Global communication often relies upon satellites to relay information. A typical satellite communications system is illustrated in FIG. 1. To send information on a forward channel from a hub 30 to a client 32, the hub 30 converts the information into a radio frequency uplink signal 34 and transmits it to a satellite 36. Satellite 36 transmits a downlink radio frequency signal 38 to client 32. Satellite 36 produces the downlink radio frequency signal 38 by amplifying the uplink signal 34 and shifting it to a different frequency. The client 32 processes the downlink radio frequency signal 38 to reproduce the information. To send information on a return channel from client 32 to hub 30, the process is reversed. Client 32 transmits an uplink signal 40 to satellite 36 and then satellite 36 transmits a downlink signal 42 to hub 30. In this context, the term client may include a fixed client or a mobile client, such as a client onboard an aircraft in flight. The hub is simply another client that may include management functions.
Typically, the client antennas are highly directional. The gain is much stronger in the direction the antenna is aimed, called the boresite, than the gain in other directions. When receiving, a directional antenna is much more sensitive to signals arriving from the boresite than it is to signals arriving from other directions. Several factors limit the gain of antennas as a function of angular offset from the boresite. Beamwidth is commonly defined as the angular span between points three dB down from the boresite peak gain (half power). Antennas provide discrimination through higher gain along the boresite than in other directions. Beamwidth varies inversely with aperture width, or span in physical terms. Wider aperture results in smaller beamwidth. In some applications, such as mobile users, large antennas are impractical. Smaller antennas have larger beamwidths and thus less discrimination towards adjacent satellites when compared to larger antennas. Beam steering error occurs between the intended and the actual absolute pointing of the antenna boresite, both at the hub and the client, and for both the transmit boresite and receive boresite, which are not necessarily coincident.

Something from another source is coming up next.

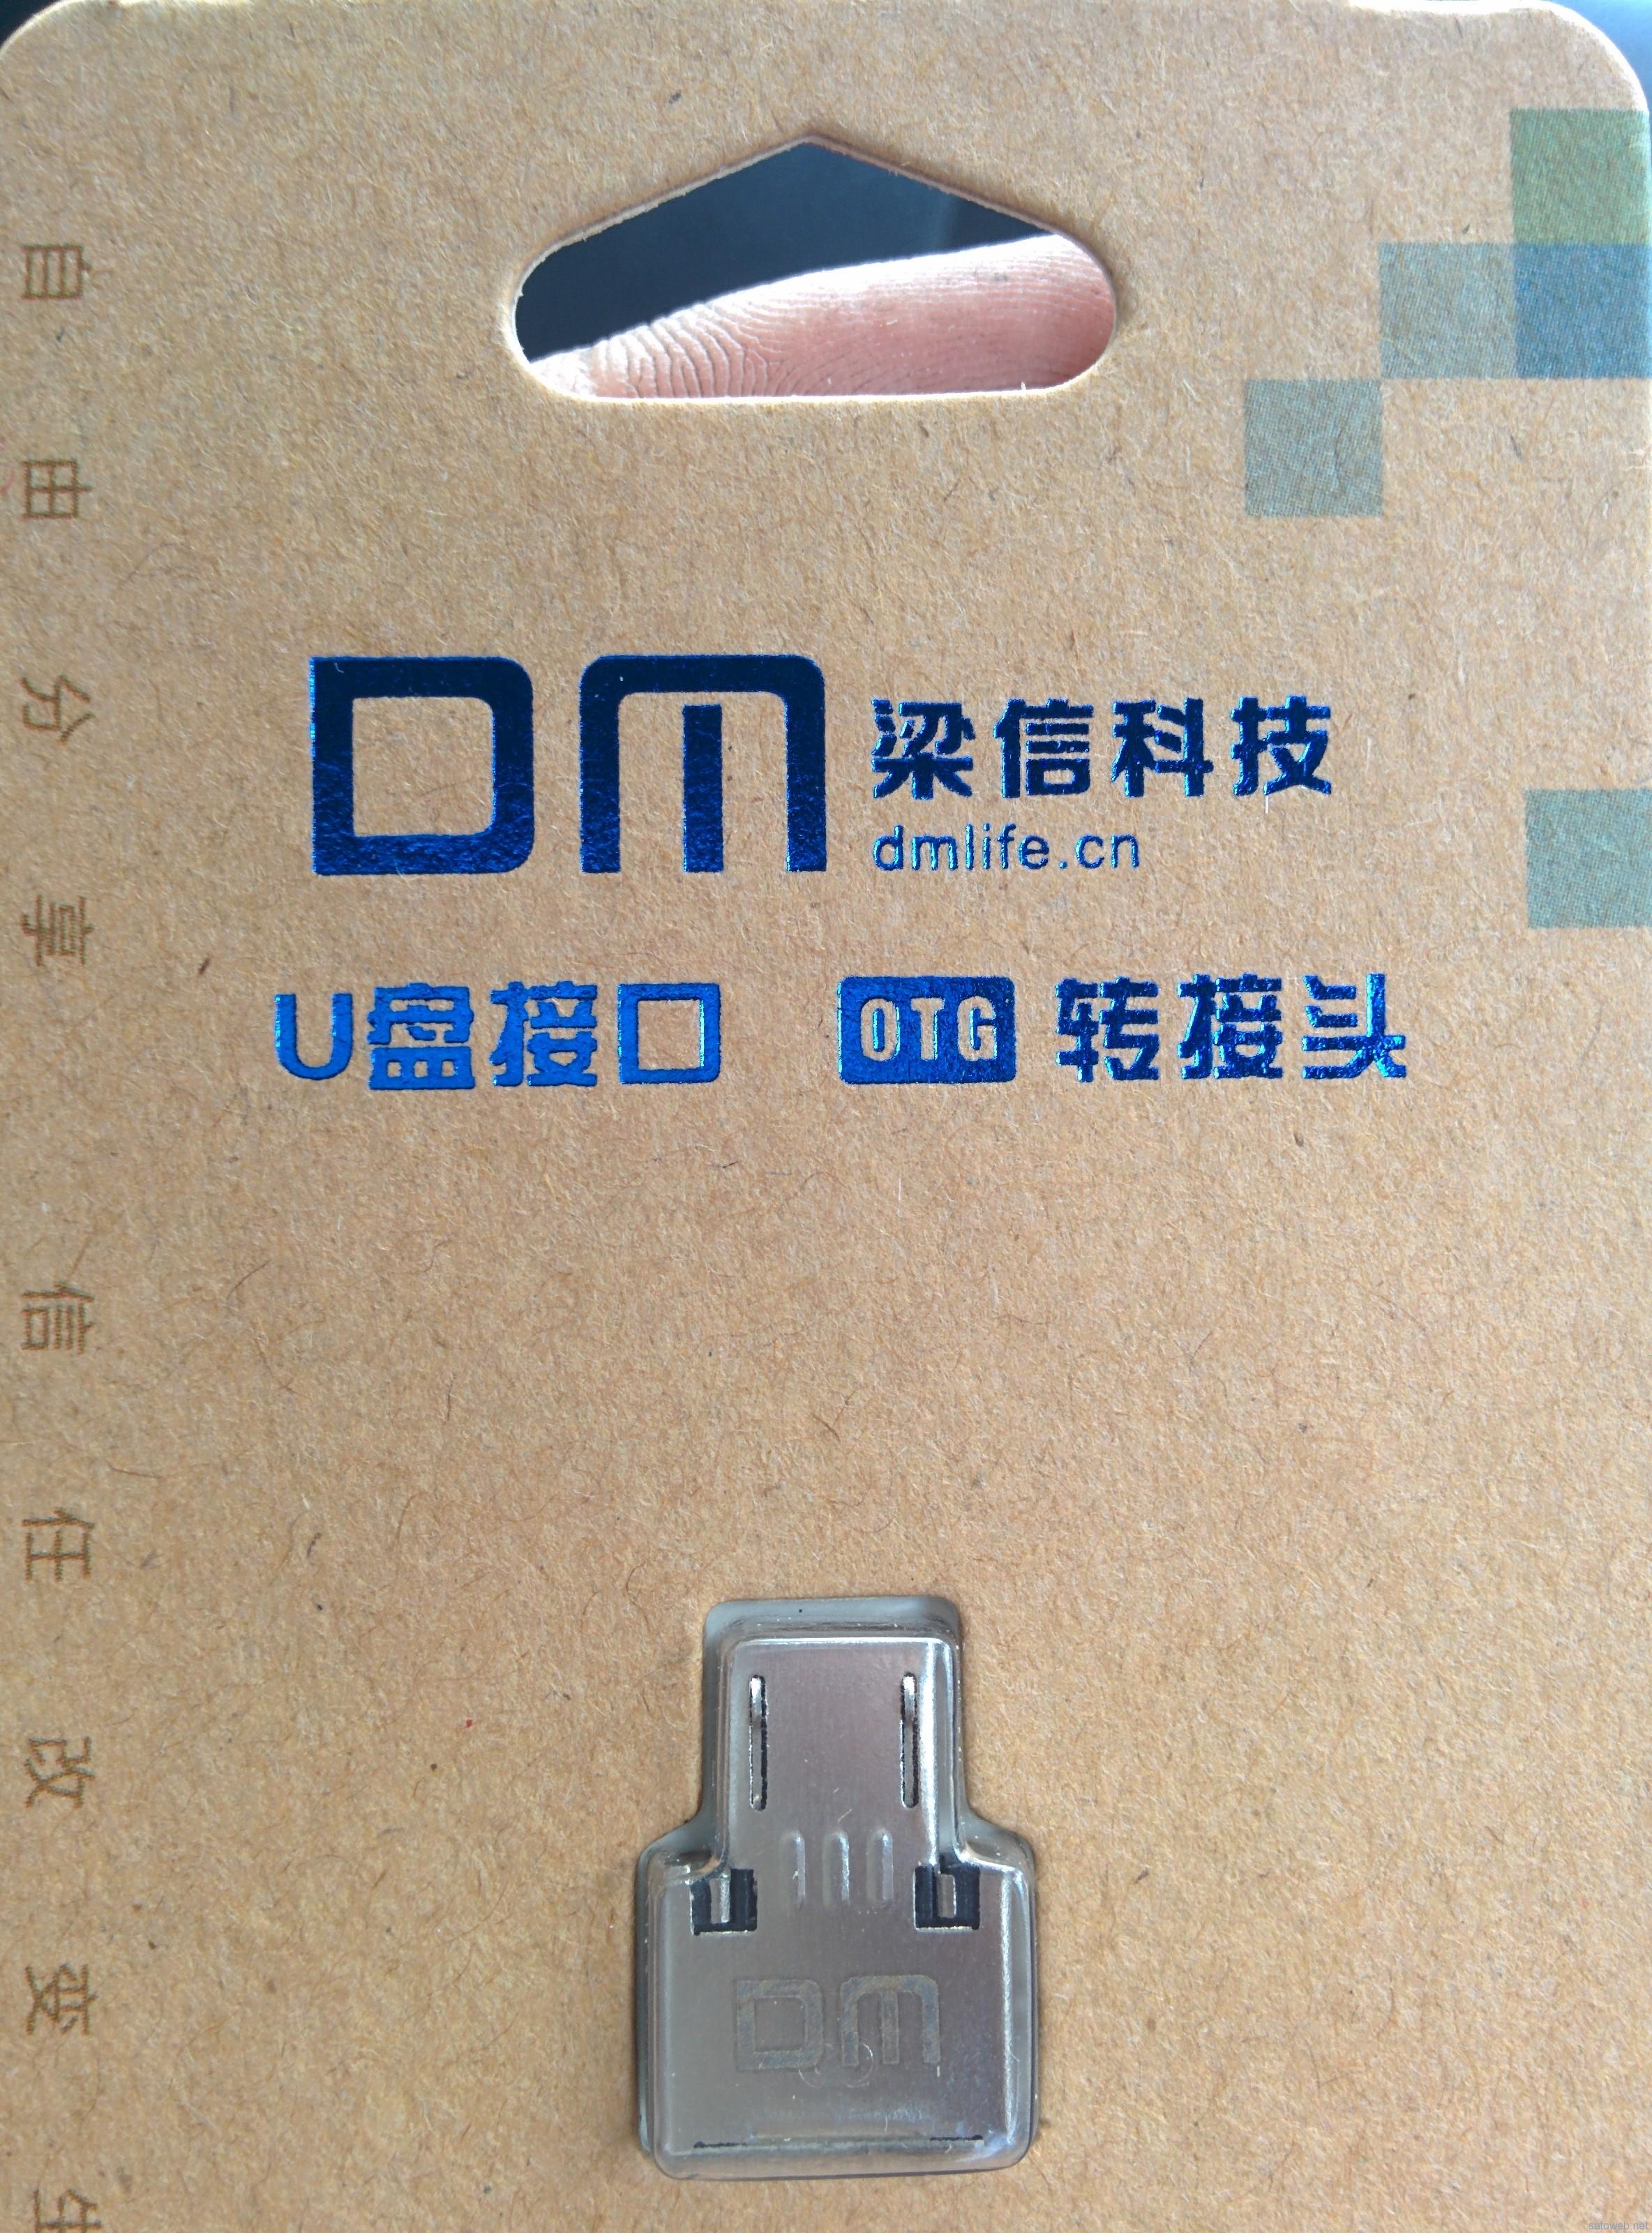 ほぼ直付! USBAコネクタをMicroBに変換するアダプタがちょーコンパクト!で楽しい。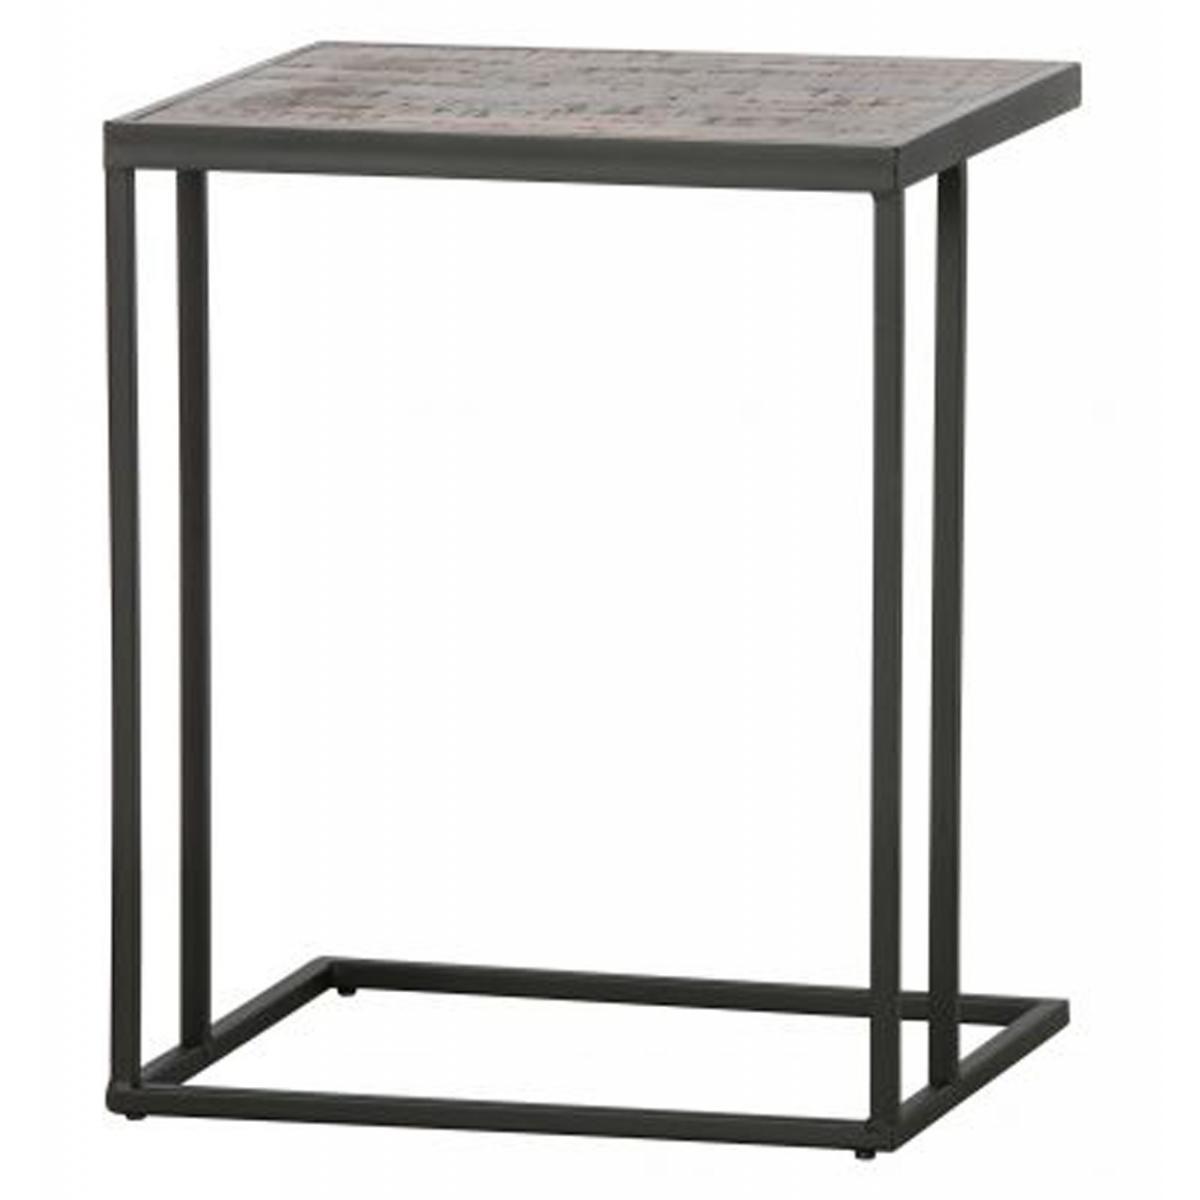 Pegane Table d'appoint en bois de teck et métal - H.55 x L.45 x P.35 cm -PEGANE-

Communication has to contend with interference from users of adjacent satellites. FIG. 2 illustrates interference associated with an uplink. Due to the limits of directional antennas, although unrelated clients 44 and 46 are aiming their signals 48 and 50 at satellites 52 and 54 respectively, attenuated signals 56 and 58 will also arrive at target satellite 36. These interfering signals are then included in the downlink signal transmitted from satellite 36. As shown in FIG. 3, a similar interference issue applies to downlink communications. Downlink signals 60 and 62 from adjacent satellites 52 and 54, which are intended for unrelated clients, arrive at client 32 along with the intended downlink signal 38 from satellite 36. Since the gain of client 32 receive antenna is lower towards satellites 52 and 54 than towards target satellite 36, the interference signals are attenuated but not entirely removed.
The received radio frequency signal is the combination of the encoded radio frequency signal with useful information, noise, and various attenuated interference signals. The presence of noise and interference signals may occasionally result in errors when the receiver decodes the received signal to recover the information. The error rate is influenced by the ratio of the intended signal strength to the noise and interference signal strength, the information rate, the modulation, carrier frequency, guard bands, symbol rate, and error-correction or coding parameters.
A common practice for communication via geosynchronous satellites is to establish the boresite gain, modulation parameters, and coding parameters based on management of interference to adjacent satellites. A model of the antenna radiation pattern is developed for each antenna based on range measurements to predict the off-axis gain in relation to the boresite gain at various relative azimuth and elevation off-axis angles from boresite. A combination of satellite position, skew angle, beam steering error, etc. resulting in an estimate of the attenuation to adjacent satellites is determined. A boresite gain that will satisfy the regulatory maximum interference to adjacent geostationary satellites in this worst case condition is selected. Modulation and coding parameters are then selected based on maximizing information rate with acceptable error rate while compliant under the worst case. Lower discrimination towards adjacent satellites results in increased bandwidth (spectrum) requirements for smaller antennas than larger antennas, for any given situation.